1:42 pm on Jul 13, 2003 (gmt 0)

WebmasterWorld Senior Member 10+ Year Member



The ODP wants to be the best human-edited directory on the planet. That means taking time to check submissions. The goal, as G1smd says, is to give a great service to surfers.

A lot of webmasters want one, single, website -- theirs! -- listed today.

That creates a culture clash between the two groups.

If 1% of webmasters subscribed to the ODP goal, and became editors for any category, that would solve the ODP's problem (not enough editors) and the webmaster's problem (not enough editors to get round to listing that one site).

kctipton

2:10 pm on Jul 13, 2003 (gmt 0)

10+ Year Member



Good posts g1.

I sure hope webmasters have more sense than to create great websites _just_ for an ODP listing. The opposite is usually true: unoriginal, cookie-cutter, no-content sites are all the time submitted hoping for a listing.

As for the opening post in this thread, there's a chance that the site is already listed. A month's wait isn't all that long, certainly not long enough to start a thread about it.

steveb

7:20 pm on Jul 13, 2003 (gmt 0)

WebmasterWorld Senior Member 10+ Year Member



"But I bet you most of the sites in DMOZ are not from editors who surf the Internet."

I bet you have no idea at all about this.

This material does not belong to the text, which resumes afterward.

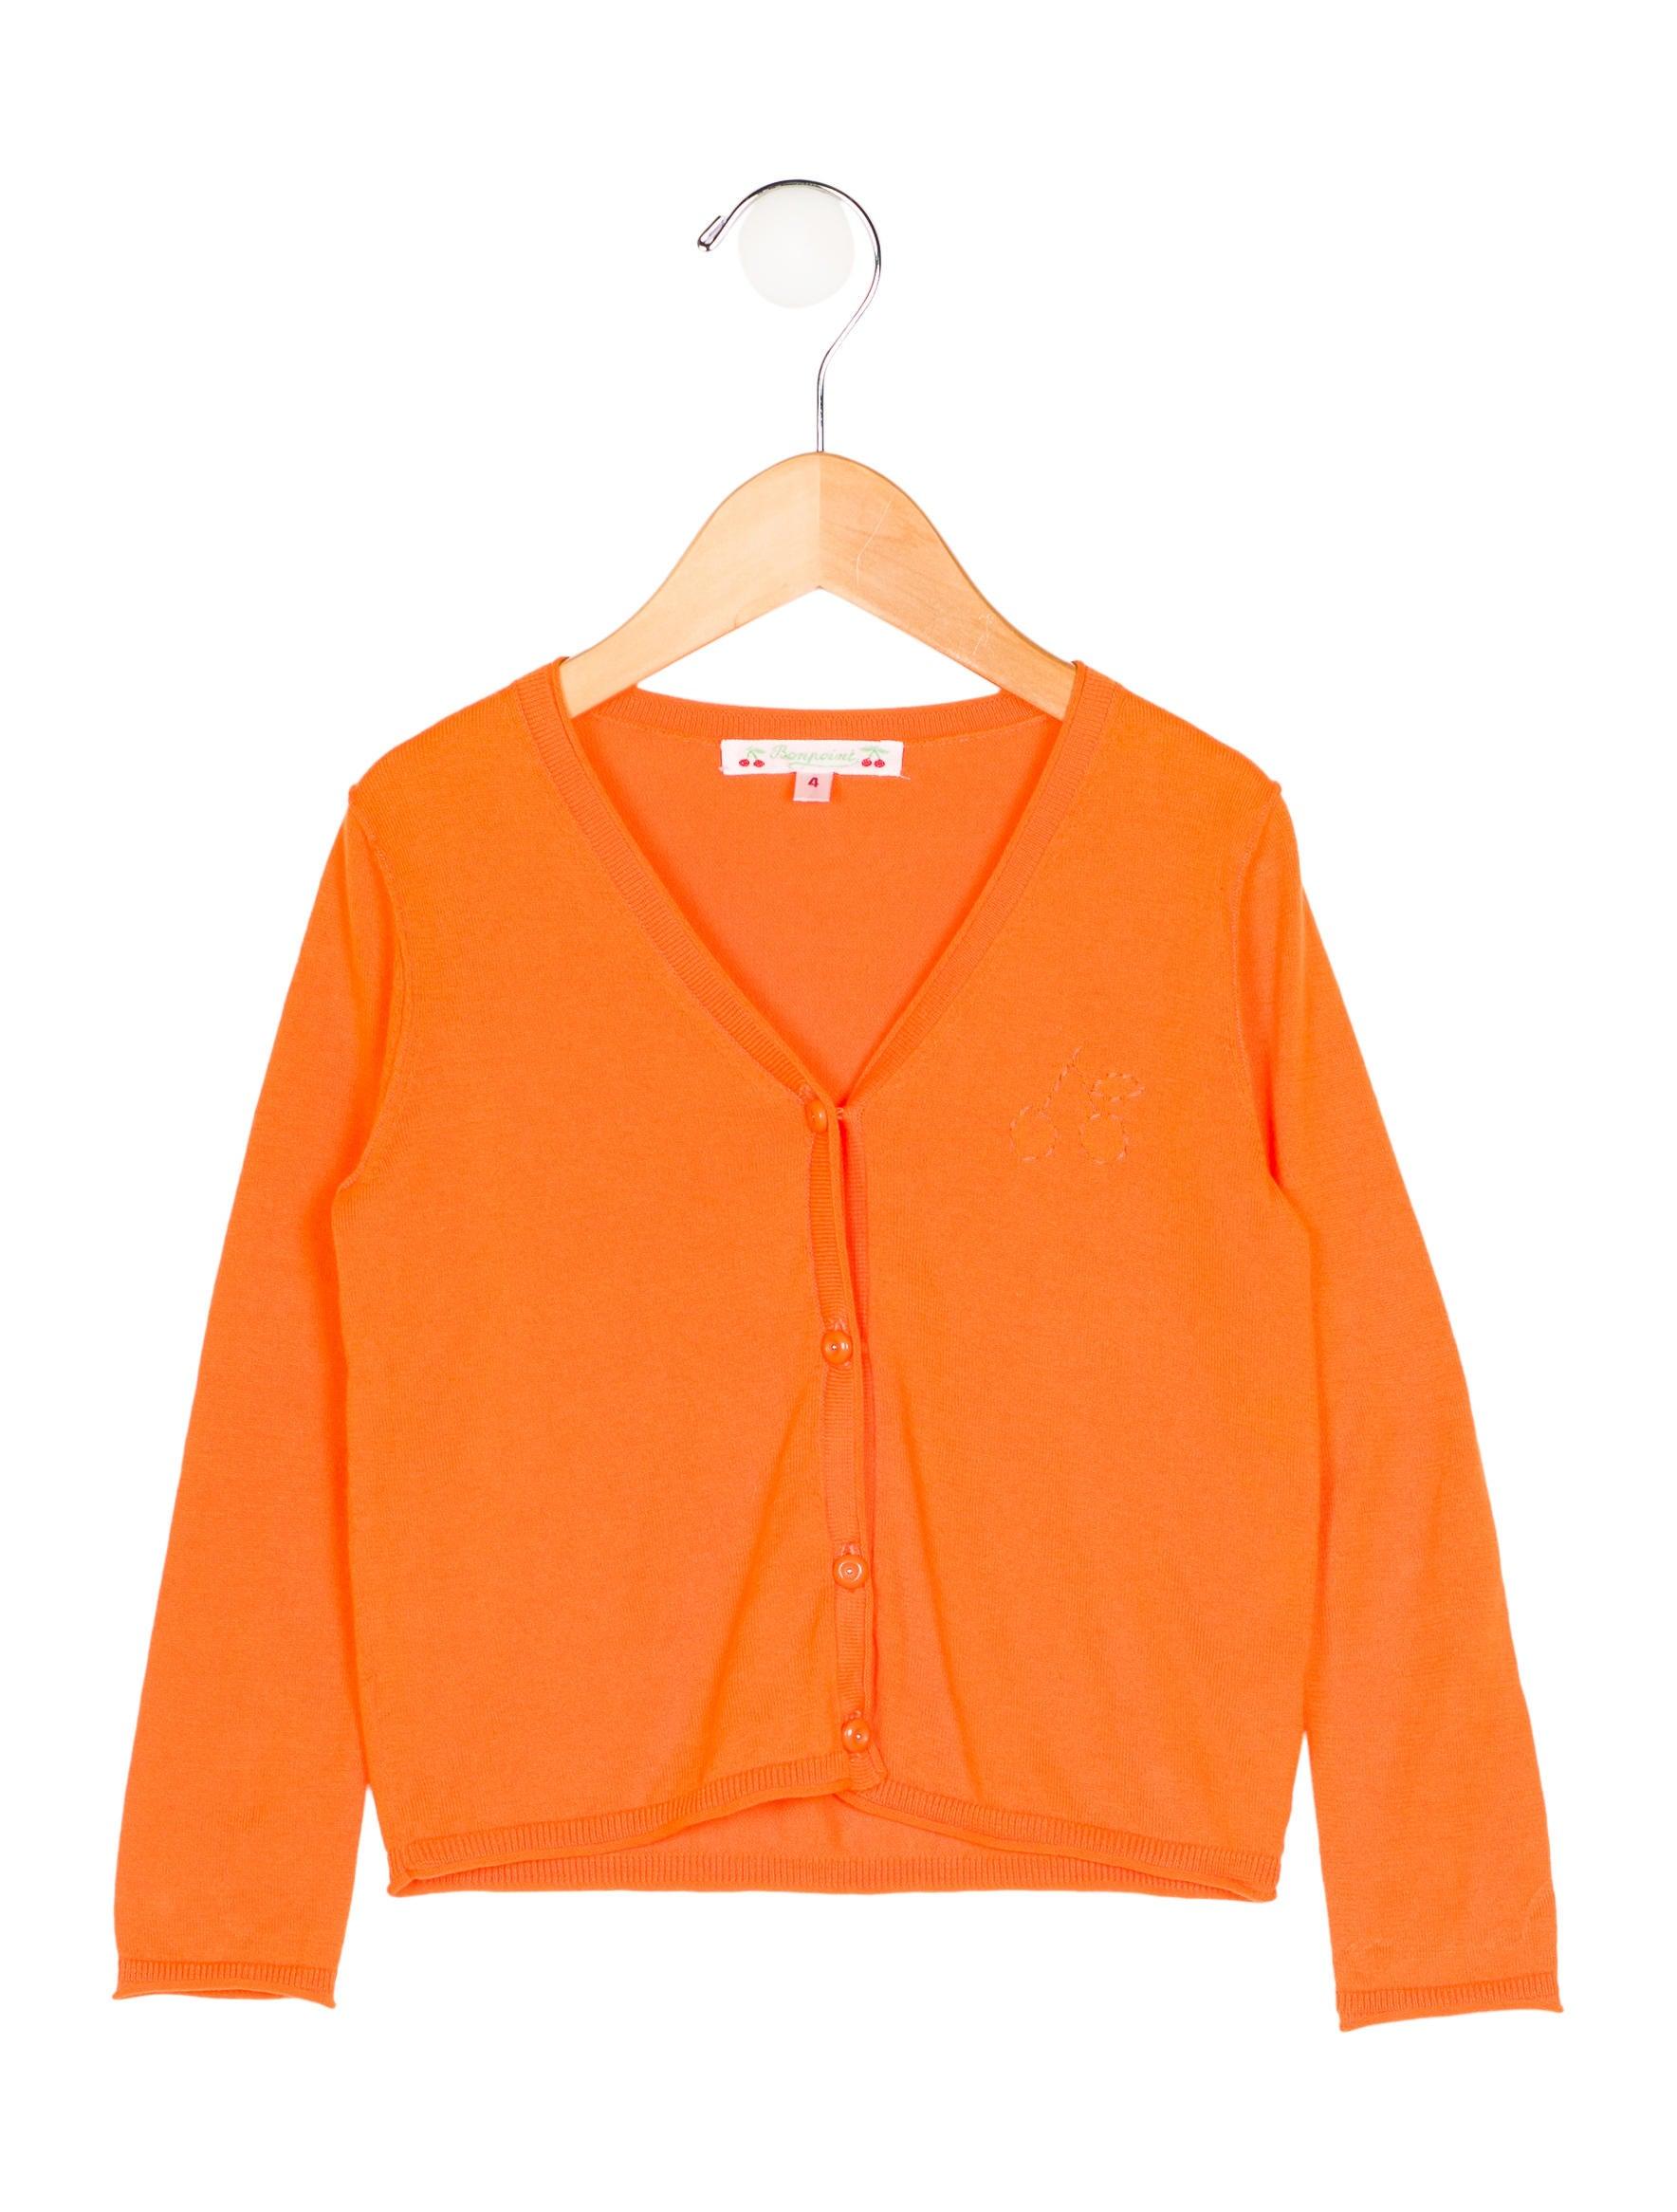 Bonpoint Girls' Embroidered Rib Knit Cardigan - Girls - WBONP23523 ...

In certain categories it certainly is true, as not many editors will go out and surf for sites selling widgets, but in many parts of the directory editors who know about the topic add a huge percentage of the listed sites.

steveb

7:31 pm on Jul 13, 2003 (gmt 0)

WebmasterWorld Senior Member 10+ Year Member



"So they need more editors but to become an editor is all most impossible."

Becoming an editor of DMOZ requires finding three relevant sites; having the foresight to apply an appropriate category; having th commitment to do a few minutes of reading; having the ability to write coherent descriptions; and having the honesty to declare your affiliations and reasons to want to edit. I suppose that is "impossible" for certain types of people, but it is fairly easy for the vast majority of literate people.

cornwall

7:45 pm on Jul 13, 2003 (gmt 0)

WebmasterWorld Senior Member 10+ Year Member



>>Becoming an editor of DMOZ requires ...

...a Meta saying "yes". On balance they err on the side of caution

>> but it is fairly easy for the vast majority of literate people...

...as I understand that the majority (i.e. over 50%) of applications are turned down, it does not say a lot for general literacy levels if your hypothesis is true ;)

victor

8:12 pm on Jul 13, 2003 (gmt 0)

WebmasterWorld Senior Member 10+ Year Member



Getting a meta to say "yes" is not difficult. It took me two goes, but I got there.

Have an interest in a right-sized category, find some sites, write them up in accordance with the guidelines, using correct spelling and grammar for the tree's language, and the metta just can't say no. They'd be crazy to: they want more editors who can demonstrate those skills.

We could turn humpingdan's opening complaint around and ask why the ODP has been waiting whole years for some people to apply to edit. How much longer!?

Stop sitting patiently waiting for your site to be listed, and pitch in to build the best directory on the net :) :)

kctipton

10:41 pm on Jul 13, 2003 (gmt 0)

10+ Year Member



Yes, I'd say editor apps are rejected over half the time, but it's not _always_ for literacy reasons.

peewhy

6:21 am on Jul 14, 2003 (gmt 0)

WebmasterWorld Senior Member 10+ Year Member



It is a selective process and I'm pretty sure they have a 'type' that they look for.